Besin kayıpları: Yanlış tarım uygulamaları çevresel faktörler ve uygunsuz depolama ve sevkiyat gibi nedenlerde yiyeceklerin besin değerleri azalmaktadır.1995 -2002 yılları arasında 100 çeşit meyve ve sebzenin besin değerleri karşılaştırılmıştır. Bu karşılaşmada çıkan sonuç şu şekildedir: Vitamin mineral oranı 1995 yılında %72 iken 2002 yılında yapılan ölçümlerde bu oran %36 olarak kayıtlara geçmiştir. Günümüzde kullanılan tarım ilaçları mevsim dışı ürün yetiştirme de vitamin mineral kaybının sebeplerindendir.
Mikro besin eksikliklerine neden olan fizyolojik etkenler nelerdir?
İnsan vücudunu etkileyen faktörler mikro besin açıklarına neden olmaktadır. Mikro Besin eksiklikleri genellikle çeşitli fizyolojik etkenlerden kaynaklanabilir. İşte mikrobesin eksikliklerine neden olan bazı önemli fizyolojik etkenler:
Yetersiz beslenme: Dengesiz veya yetersiz beslenme, vücuda gerekli mikro besinleri sağlamada temel bir etkendir. Beslenme alışkanlıkları, bireyin vitamin ve mineral ihtiyaçlarını karşılayacak şekilde düzenlenmelidir.
Malabsorbsiyon: Sindirim sistemi hastalıkları veya sindirim organlarının işlev bozuklukları, mikrobesinlerin yeterince emilememesine (malabsorpsiyon) neden olabilir. Bu durum, vücudun ihtiyaç duyduğu mikro besinleri almasını zorlaştırabilir.
Metabolik Hastalıklar: Bazı genetik veya metabolik hastalıklar, vücuttaki mikro besinlerin normal şekilde kullanılmasını engelleyebilir. Örneğin, fenilketonüri gibi genetik hastalıklar belirli amino asitlerin metabolizmasını etkileyebilir.

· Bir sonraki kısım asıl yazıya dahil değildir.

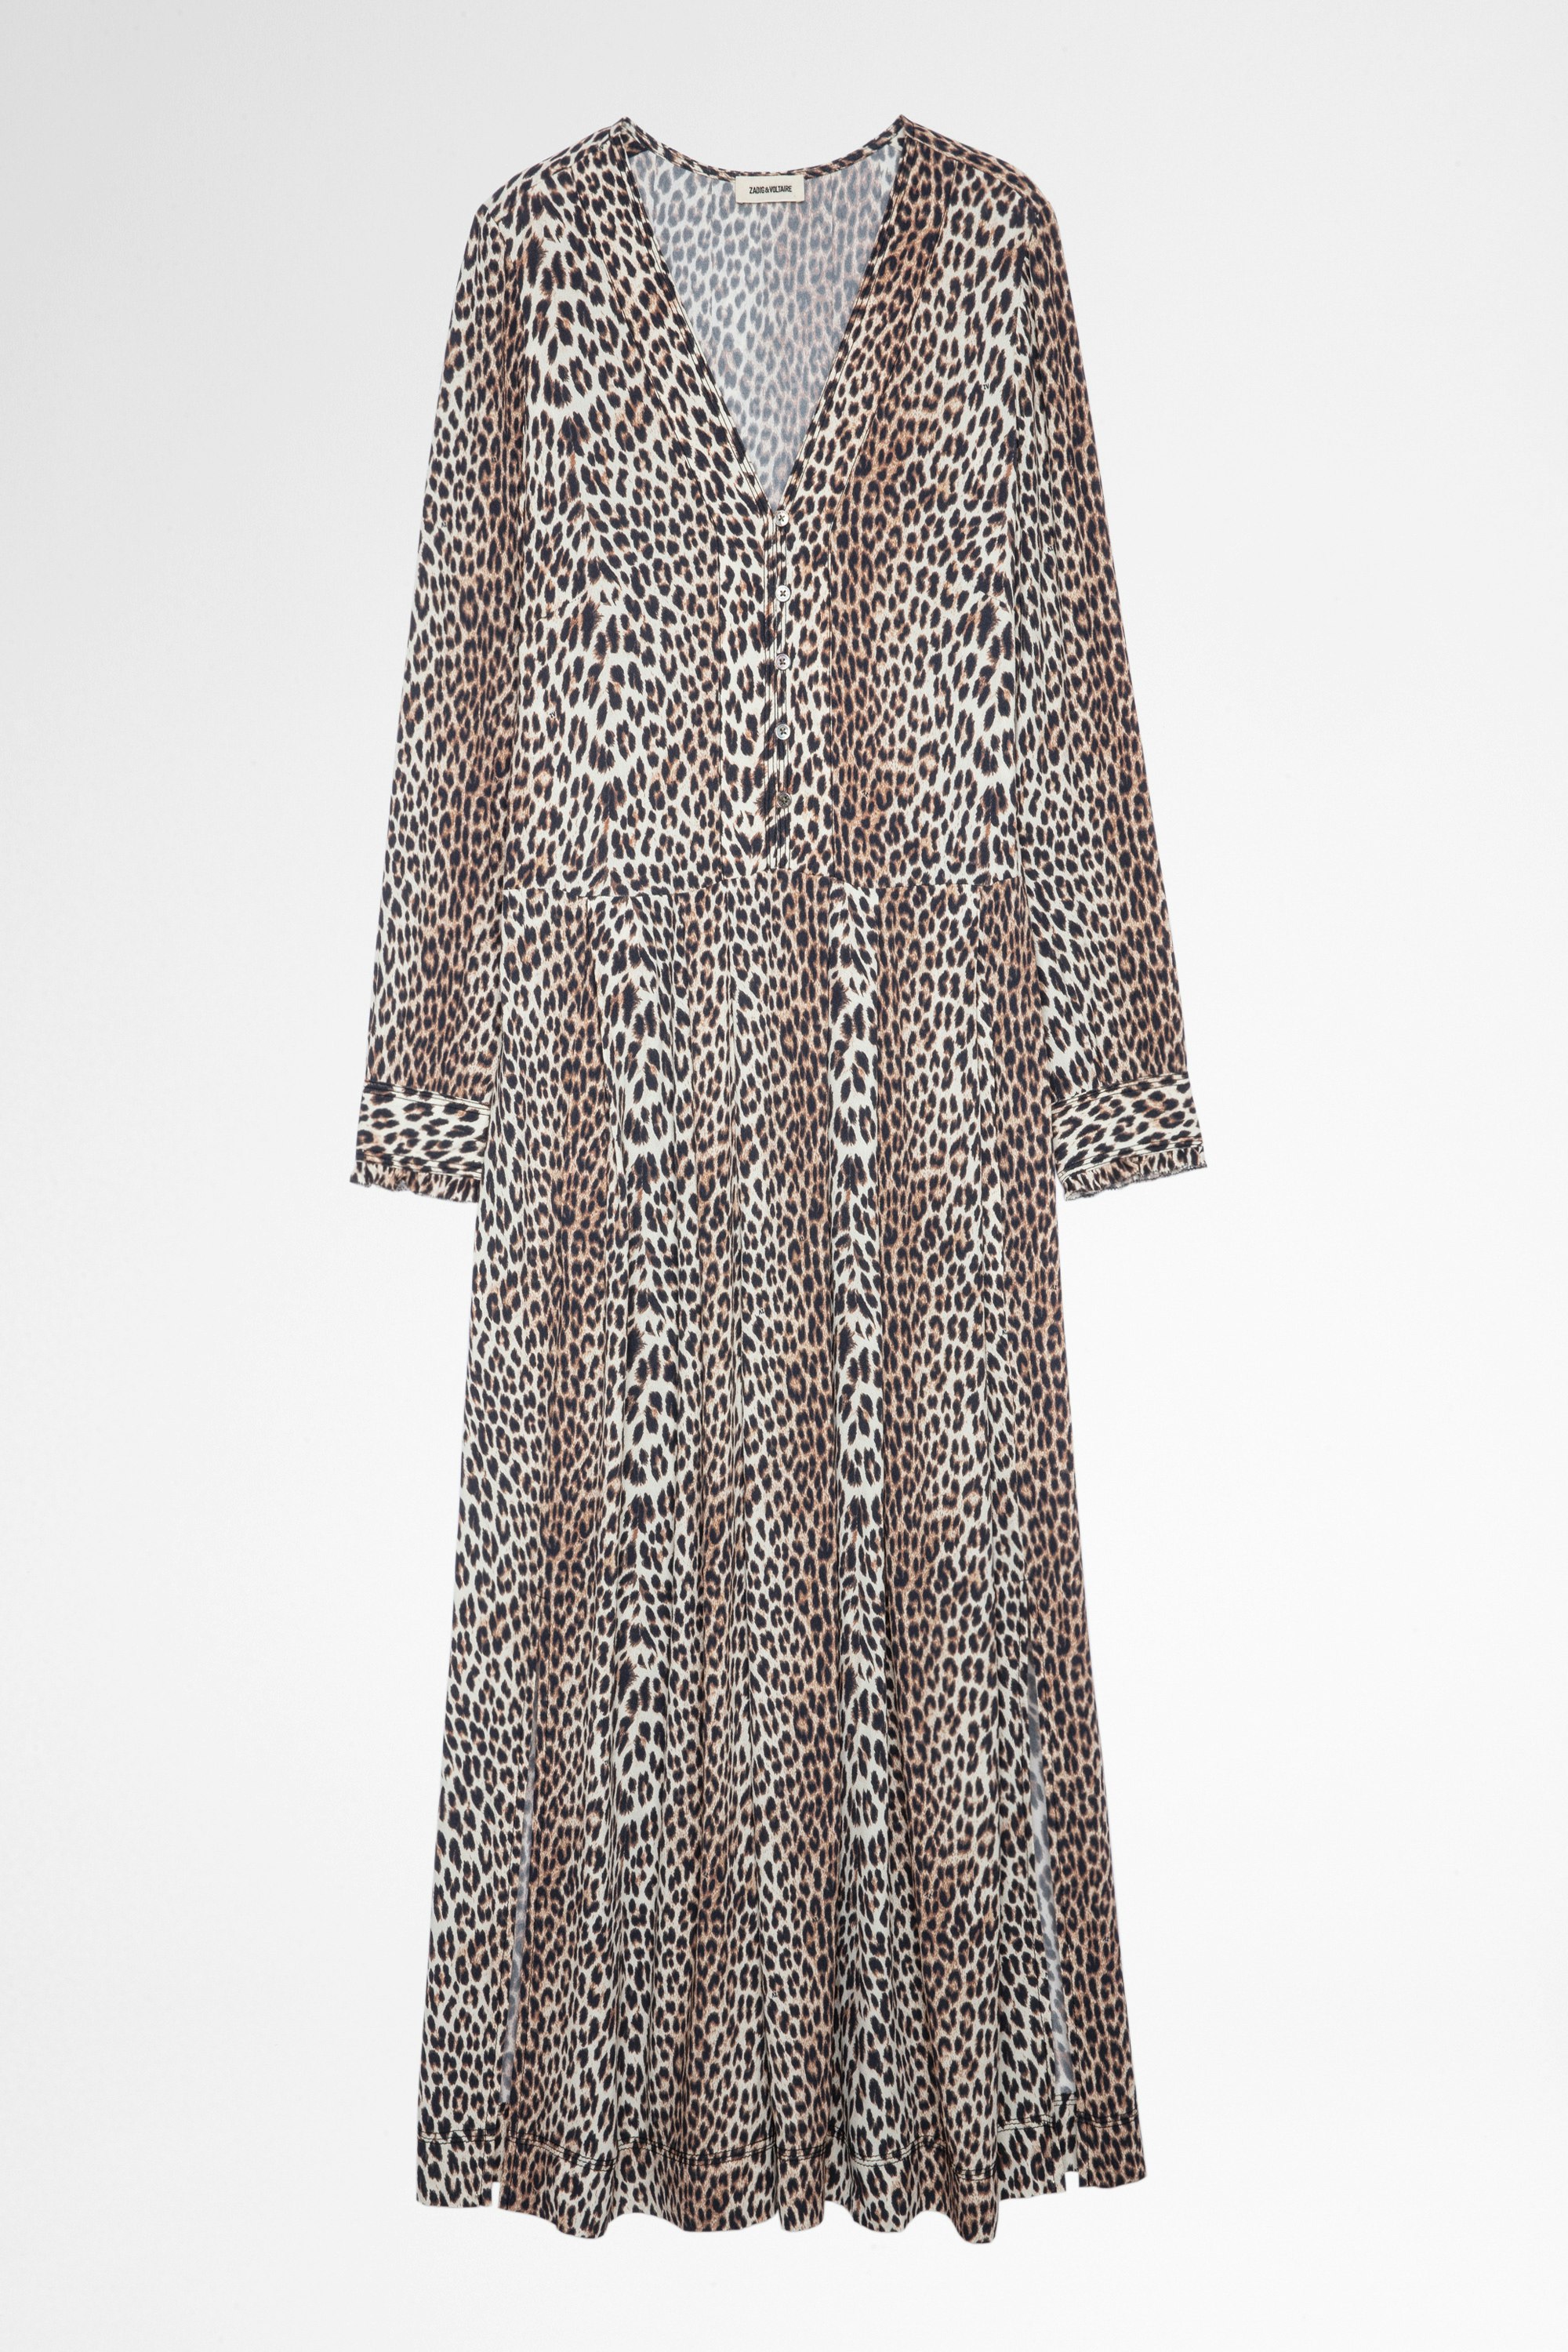 Vestido Roux Leopard Vestido largo con estampado de leopardo para mujer.

Kronik Hastalıklar: Bazı kronik hastalıklar, vücuttaki mikro besin gereksinimlerini artırabilir veya azaltabilir. Örneğin, inflamatuar bağırsak hastalığı gibi sürekli iltihaplanmaya neden olan hastalıklar mikro besin emilimini etkileyebilir.
Bağırsak mikrobiyotası dengesizliği: Bağırsak mikrobiyotasındaki dengesizlikler, mikro besin emilimini ve metabolizmasını etkileyebilir. Bağırsak florasındaki bozukluklar, özellikle bazı vitaminlerin üretimini etkileyebilir.
Hamilelik ve laktasyon: Hamilelik ve emzirme dönemleri, mikro besin ihtiyaçlarını artırır. Bu dönemlerde yetersiz beslenme veya mikro besin eksiklikleri, anne ve bebek sağlığını olumsuz etkileyebilir.
Yaşlılık: Yaşlanma süreci, vücuttaki bazı besinleri emme ve kullanma yeteneğini etkileyebilir. Bu nedenle, yaşlı bireylerde mikro besin eksiklikleri daha yaygın olabilir.
Alkol ve uyuşturucu kullanımı: Aşırı alkol tüketimi veya uyuşturucu kullanımı, besin emilimini etkileyerek mikrobesin eksikliklerine yol açabilir.
Bağırsak parazitleri: Bağırsak parazitleri, bağırsaklarda hasara neden olabilir ve mikro besin emilimini bozabilir. Bu durum, özellikle gelişmekte olan ülkelerde daha yaygın bir sorundur.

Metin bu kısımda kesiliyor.